▶ **ACTION ITEM**
Before returning the data, strip out the pictures and keep everything else exactly the same.

▶ **DATA SHOWN**
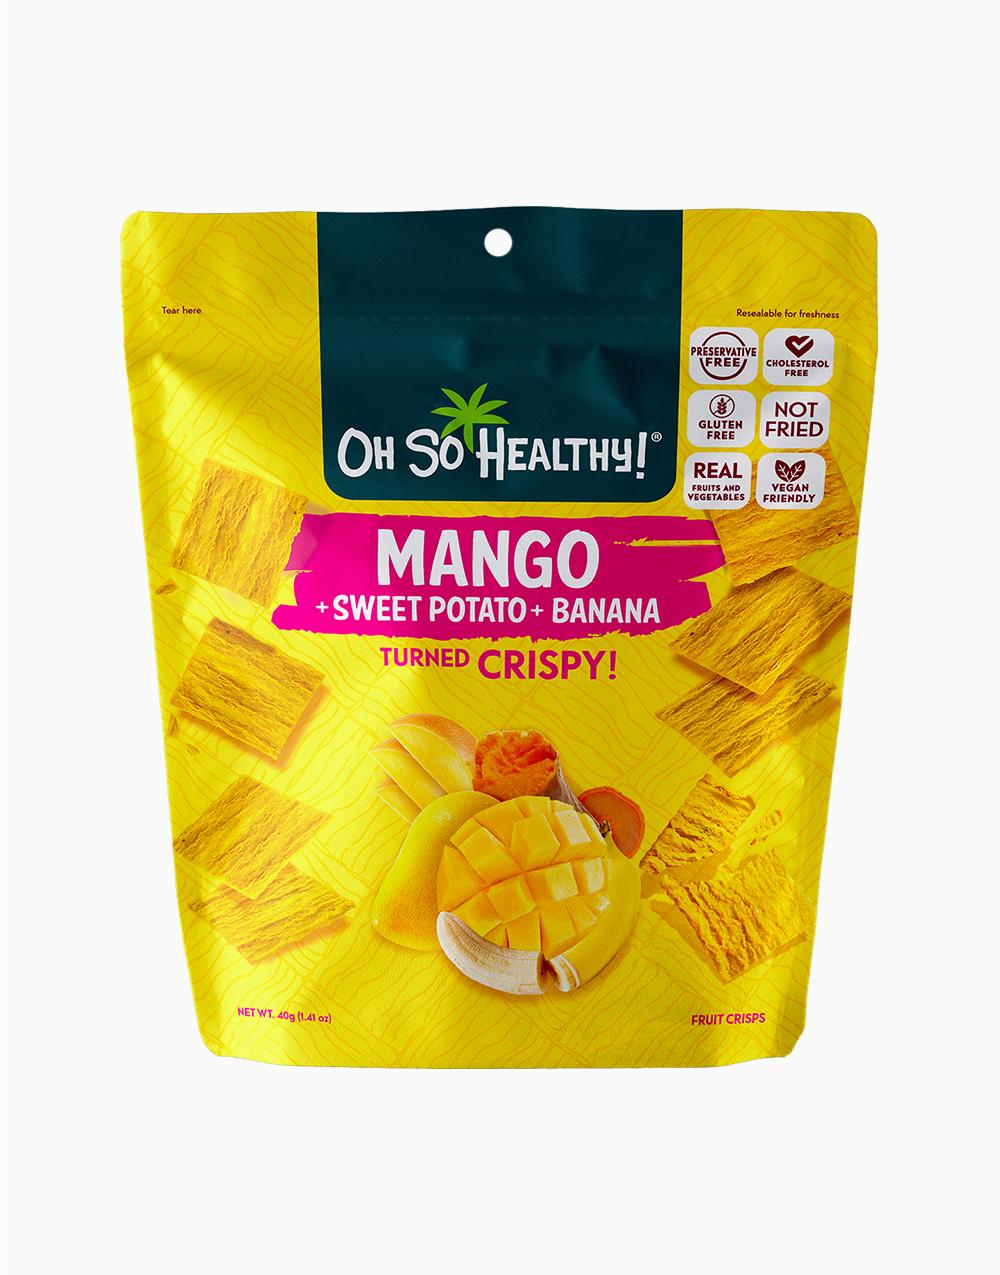 Mango Sweet Potato Banana Fruit Crisps by Oh So Healthy!
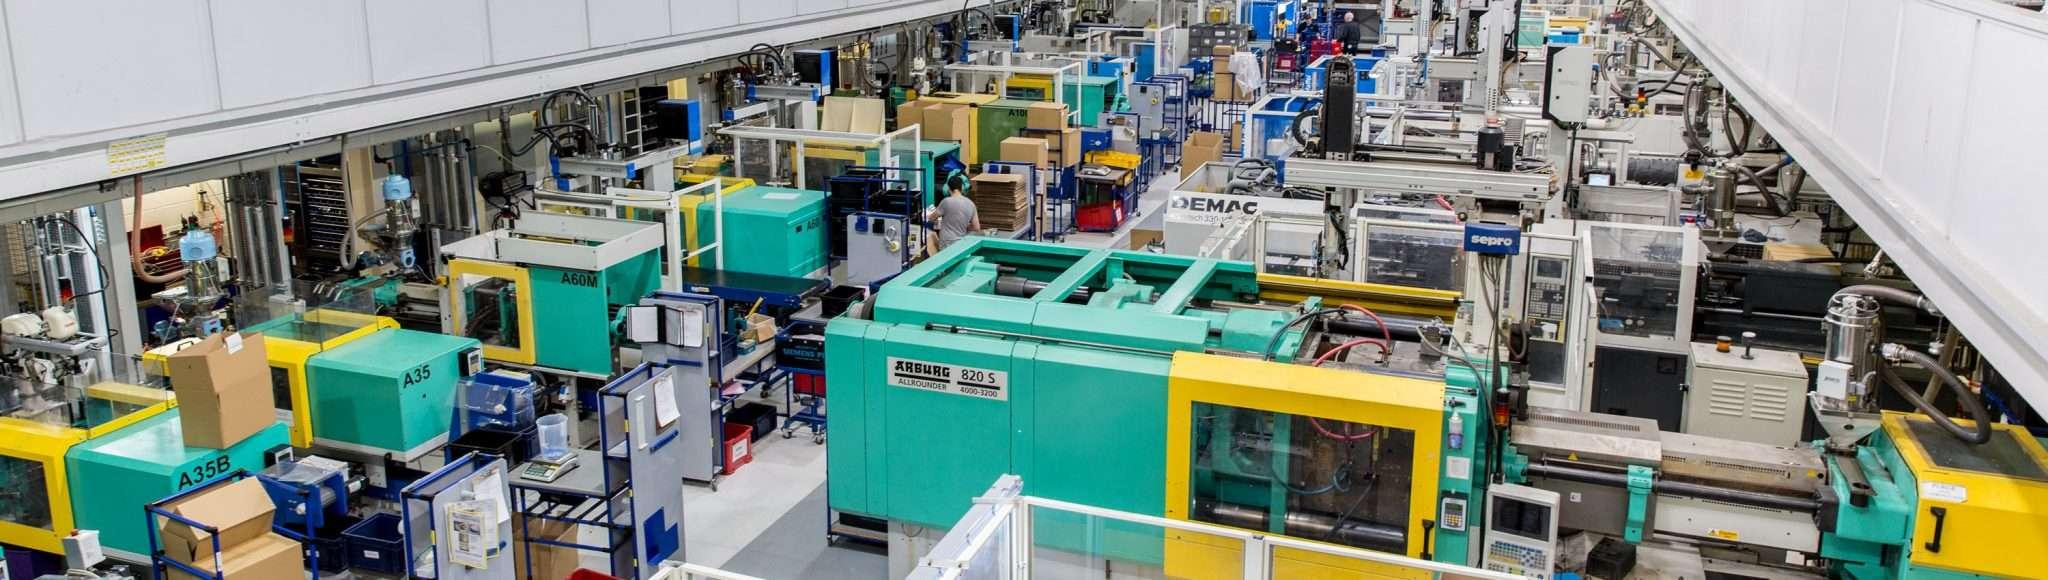 OGM Factory Image
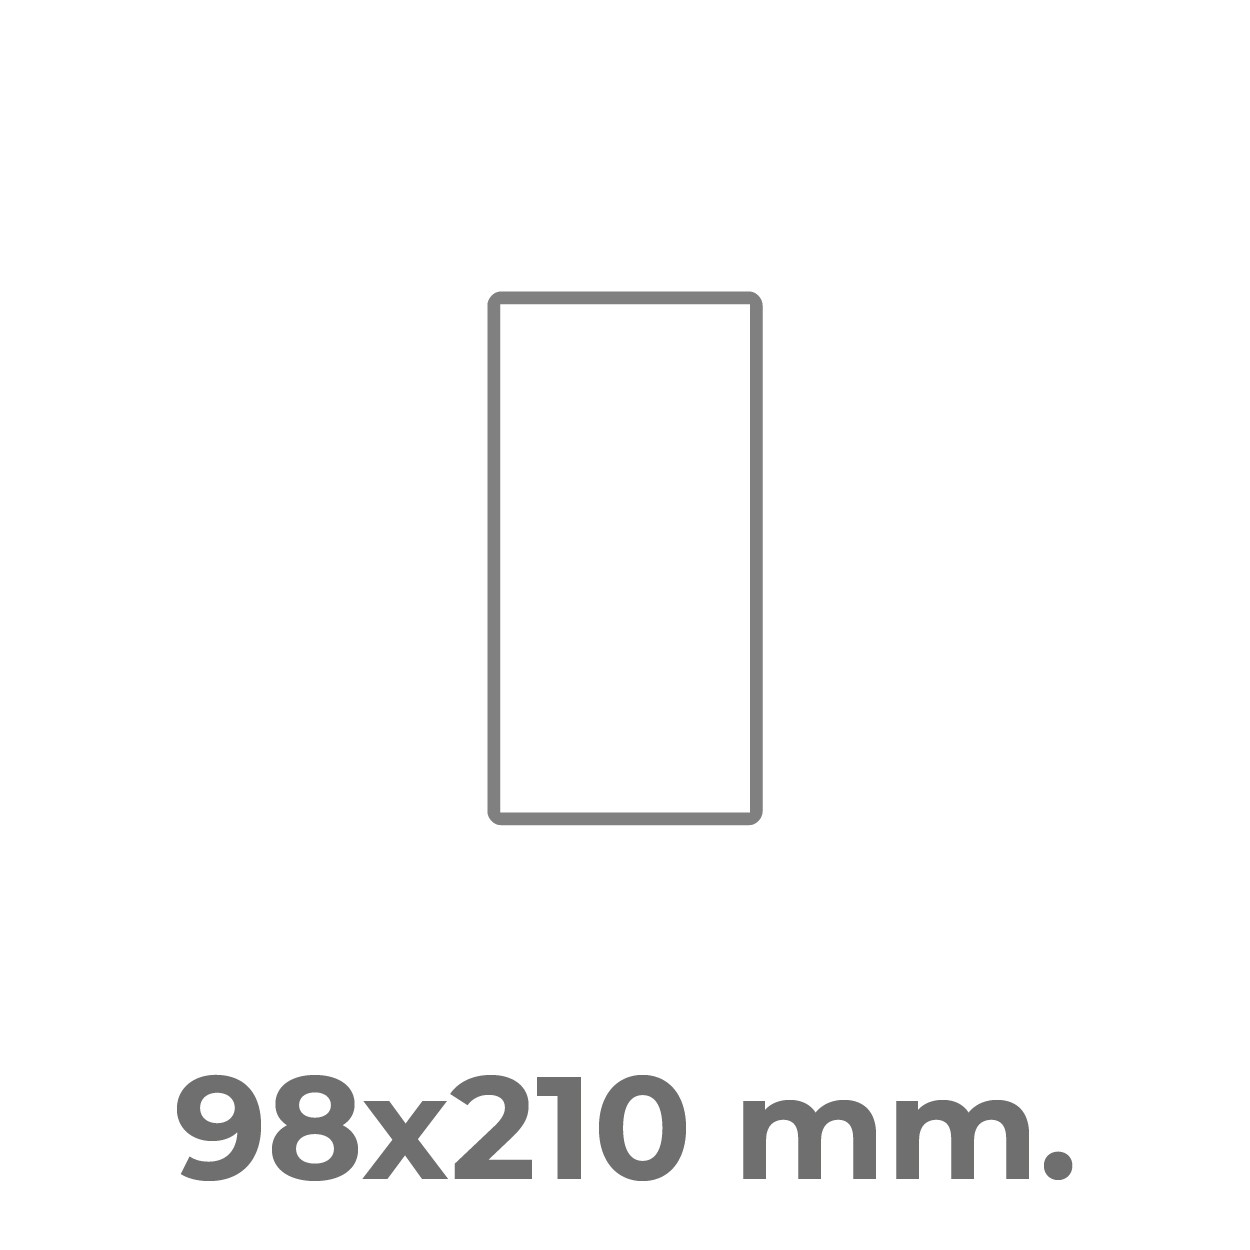 98x210 mm.

▶ **COMPLETED EXERCISE**
 Mango Sweet Potato Banana Fruit Crisps by Oh So Healthy!
 OGM Factory Image
 98x210 mm.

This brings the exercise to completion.